Учитывая данное предположение, в публикациях нами  сообщалась идея о целесообразности сопоставлении ряда показателей состояния среды с состояниями  организма. Последние оценивались по степени их энтропии – показателю, взятому из закона термодинамики. Нам представляется, что по нему имеется возможность трактовать степень упорядоченности / неупорядоченности структур и функций как в организме, так и в среде. Под такой общей оценкой «состояний» подразумевается более эффективное использование определённых фракций гуминовых веществ, иначе говоря, применения  наиболее открытых и широких входов информации от неживого (биокосного) вещества в физиологические структуры организма. Следует напомнить, что при использовании выпускаемых нами гуминовых препаратов в виде торфяных лечебных грязей, торфяных минеральных вод и гелей, в местах терапевтического воздействия на них.  Другими словами, именно здесь,  в местах соединения двух сред, имеющих как соответствующее лечебное сходство, так и различие, начинаются и происходят обменные процессы, о которых мы повествуем ниже.

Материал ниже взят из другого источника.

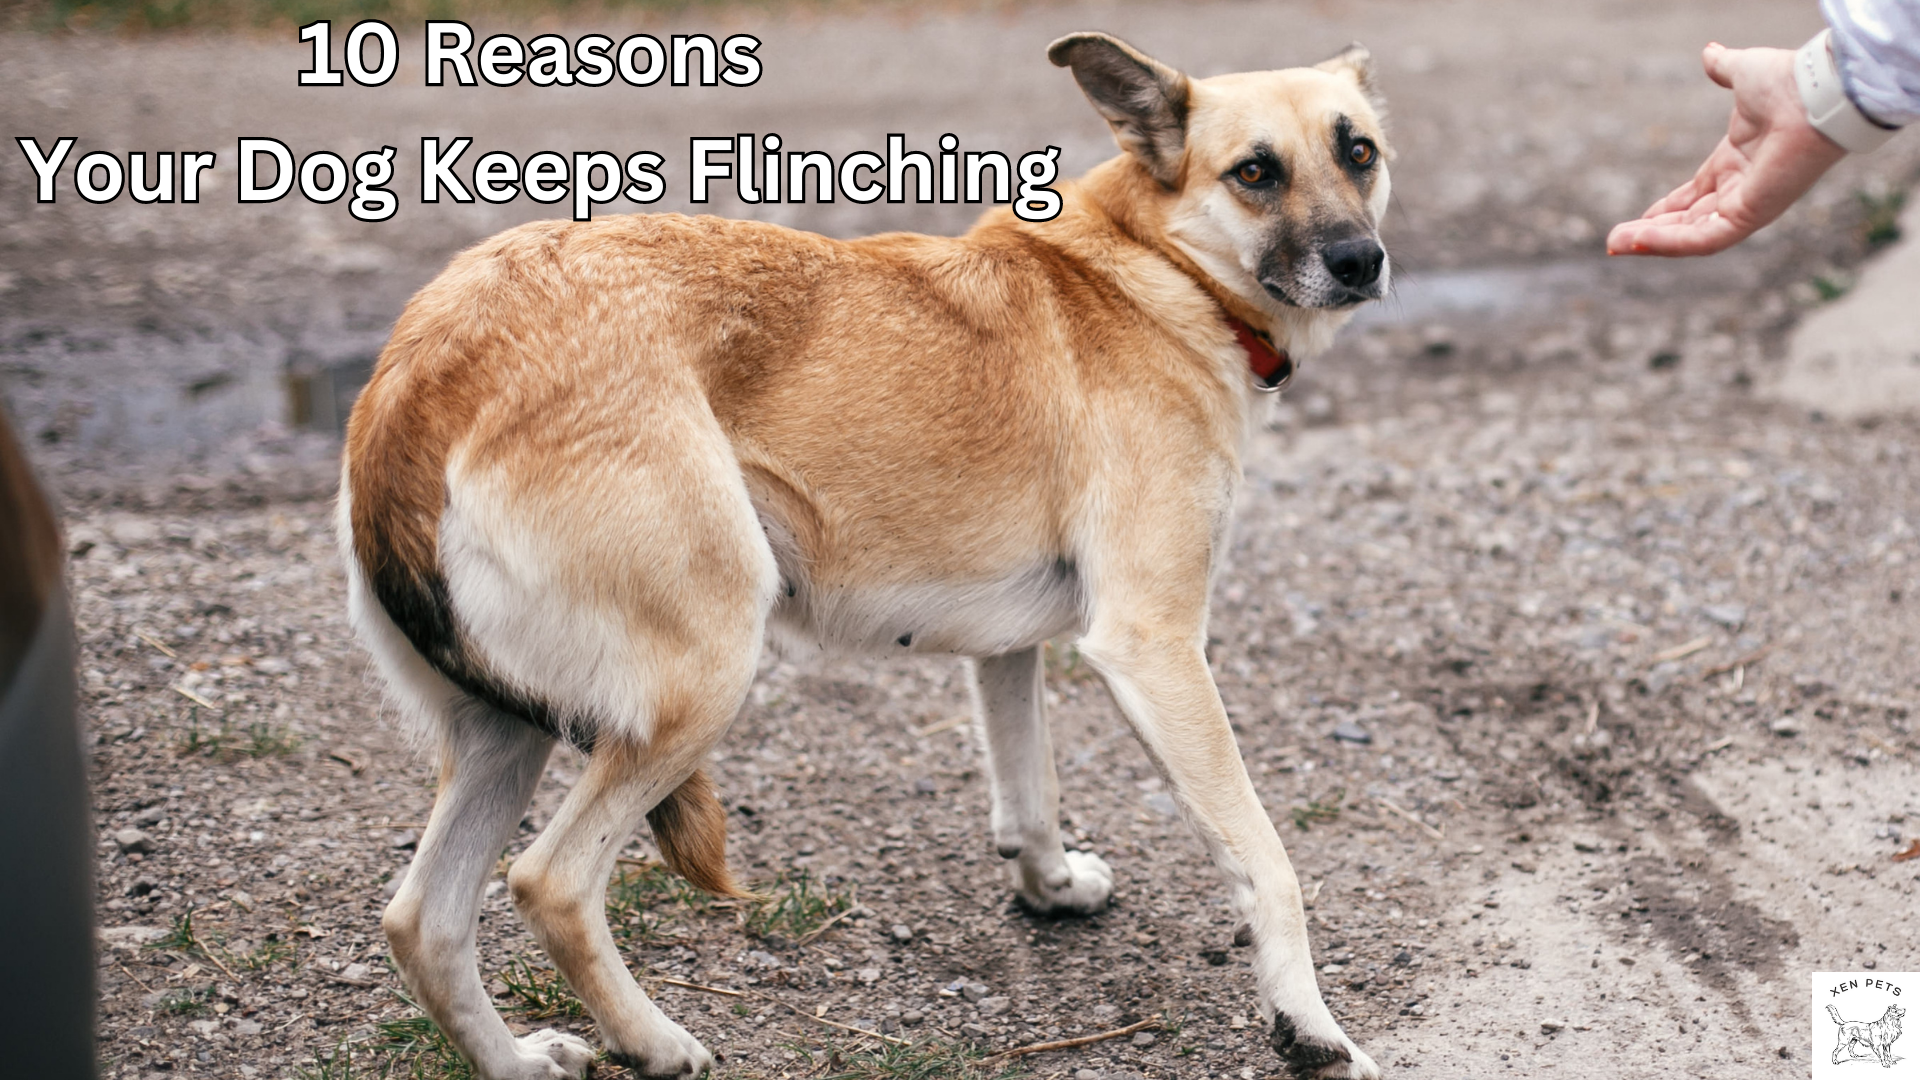 10 Reasons Your Dog Keeps Flinching

Чем привлекательны для нас природные лечебные факторы, будь-то минеральные воды, или субстанции из земельно-водных залежей? Во-первых, своей открытостью для живых структур. Живой организм  воспринимает их как «своих», близких, например, по химическому составу. В структуре ГК, ФК, ГМ находятся те же элементы, что и в теле человека: аминокислоты, жироподобные вещества (липиды),  углеводы., ферменты, различные катионы и анионы, активные гидроксильные, карбоксильные, фенольные группы и вещества других категорий. В лечебных минеральных  и торфяных органических водах присутствуют многочисленные минеральные соли и структура этих вод благоприятно воспринимается живой тканью. Да и внешняя консистенция природных средств схожа с живым веществом – лечебные грязи как естественные природные, так и модифицированные, по структуре приближены к гелям, студням, коллоидным взвесям, которые характерны и для  структур кожного покрова.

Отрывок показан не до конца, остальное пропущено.